Given the crossover design, we conducted a dedicated assessment of potential period effects, defined as differences attributable to the temporal sequence of interventions rather than to the treatment itself. Outcomes were analyzed using a linear mixed-effects model with a random intercept for each subject and fixed effects for treatment and period, and subject as a random effect to account for within-subject correlation.
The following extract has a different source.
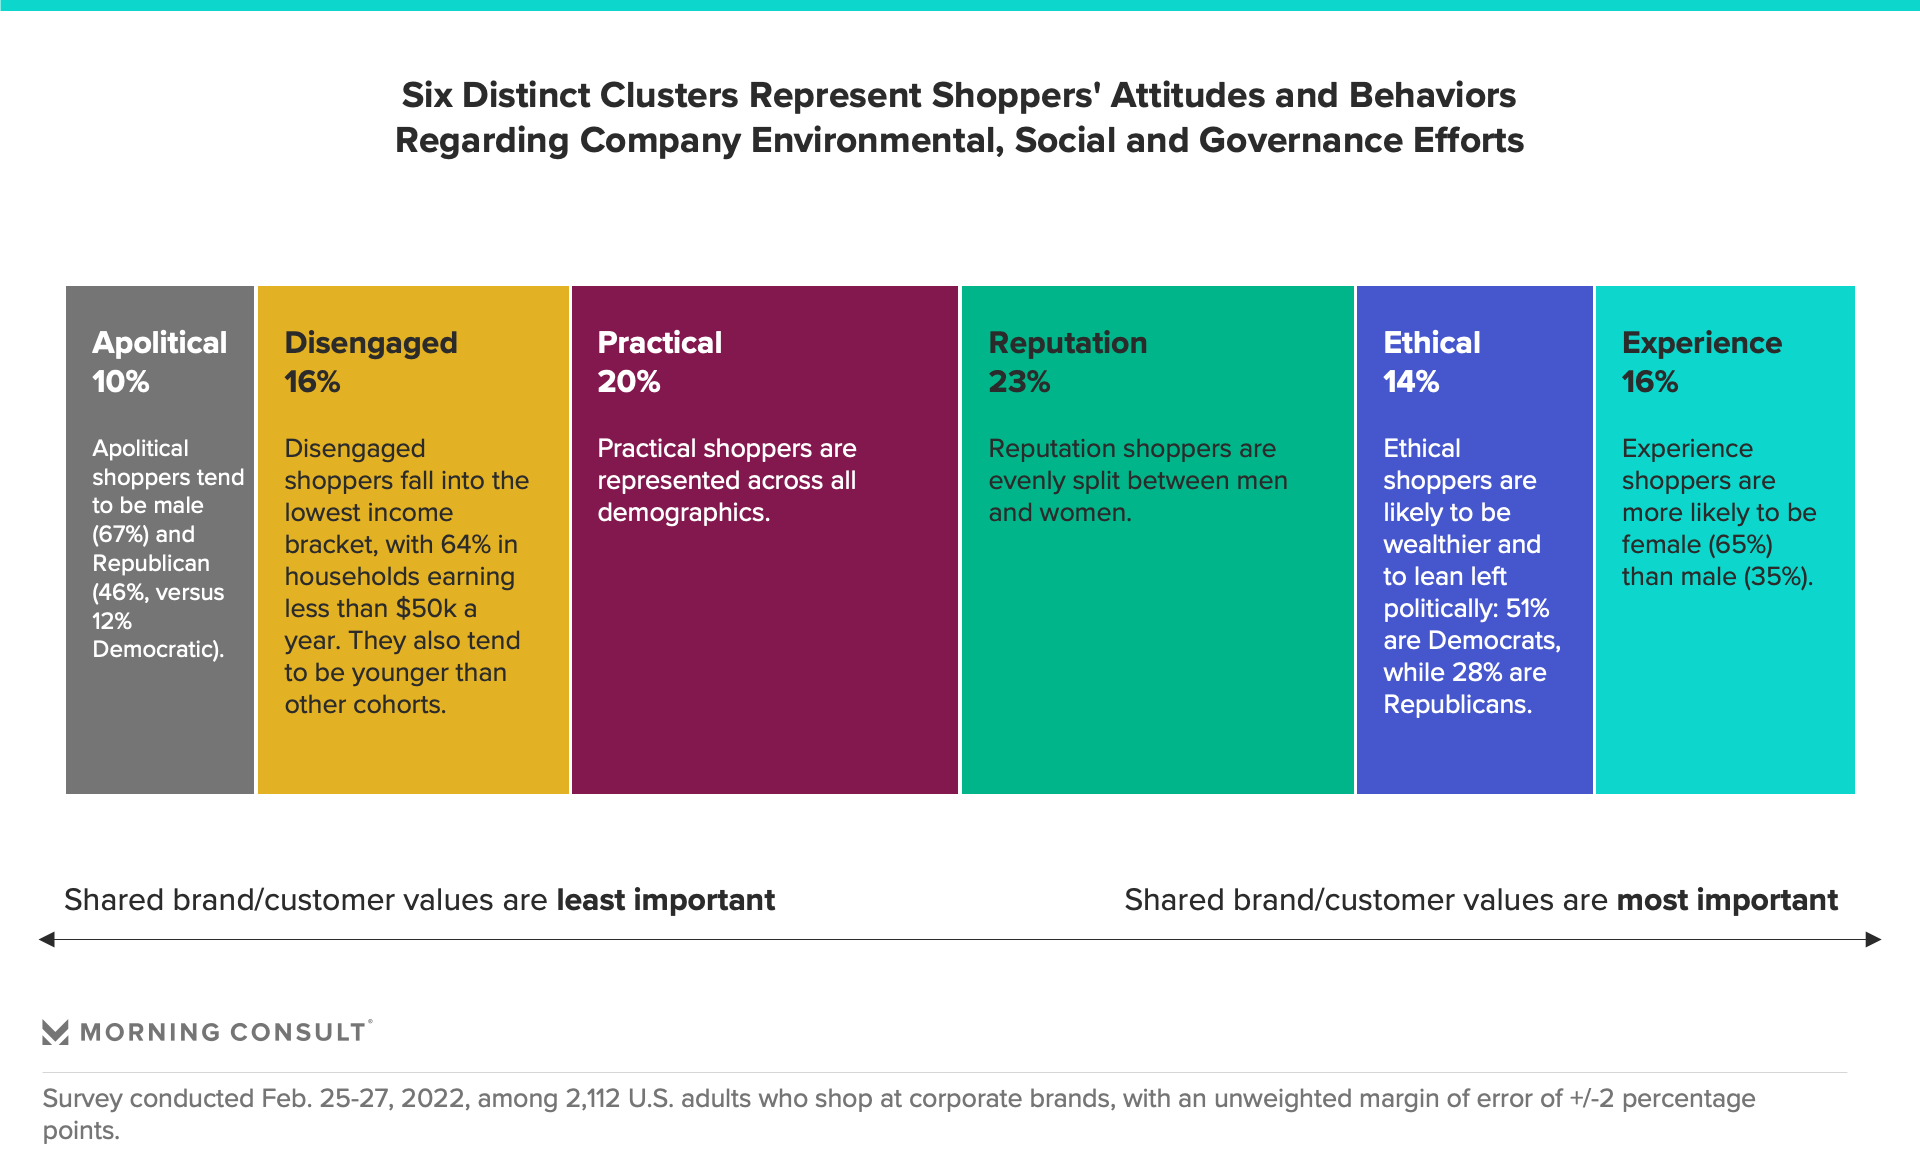 Graph displaying 6 clusters representing shoppers' attitudes and behaviors regarding company ESG efforts

Regression coefficients with 95% confidence intervals were reported, and statistical significance was set at p < 0.05. A potential carryover effect was examined in a separate model by including the treatment administered in the preceding period as an additional fixed effect.
The non-inferiority of the ELISIO™ HX dialyzer compared to the Toraylight NS-21S was assessed using a one-sided 90% confidence interval (CI), with a type I error rate (α) of 0.05. Non-inferiority was confirmed if the lower limit of the 95% CI for the difference (ELISIO™ HX minus Toraylight NS-21S) was above the pre-specified margin of −10%. This margin was defined based on clinical relevance, considering that a 10% variation falls within the intrinsic inter-subject and inter-session variability of the hemodialysis procedure. Furthermore, this threshold guarantees clinical efficacy, as international guidelines (National Kidney Foundation Kidney Disease Outcomes Quality Initiative, KDOQI) define adequacy based on a minimum target (spKt/V > 1.2) rather than the indefinite maximization of removal; this ensures that the delivered dose remains compliant with safety standards despite potential variations within the margin. This approach also aligns with non-inferiority criteria used in similar nephrological research [27,28].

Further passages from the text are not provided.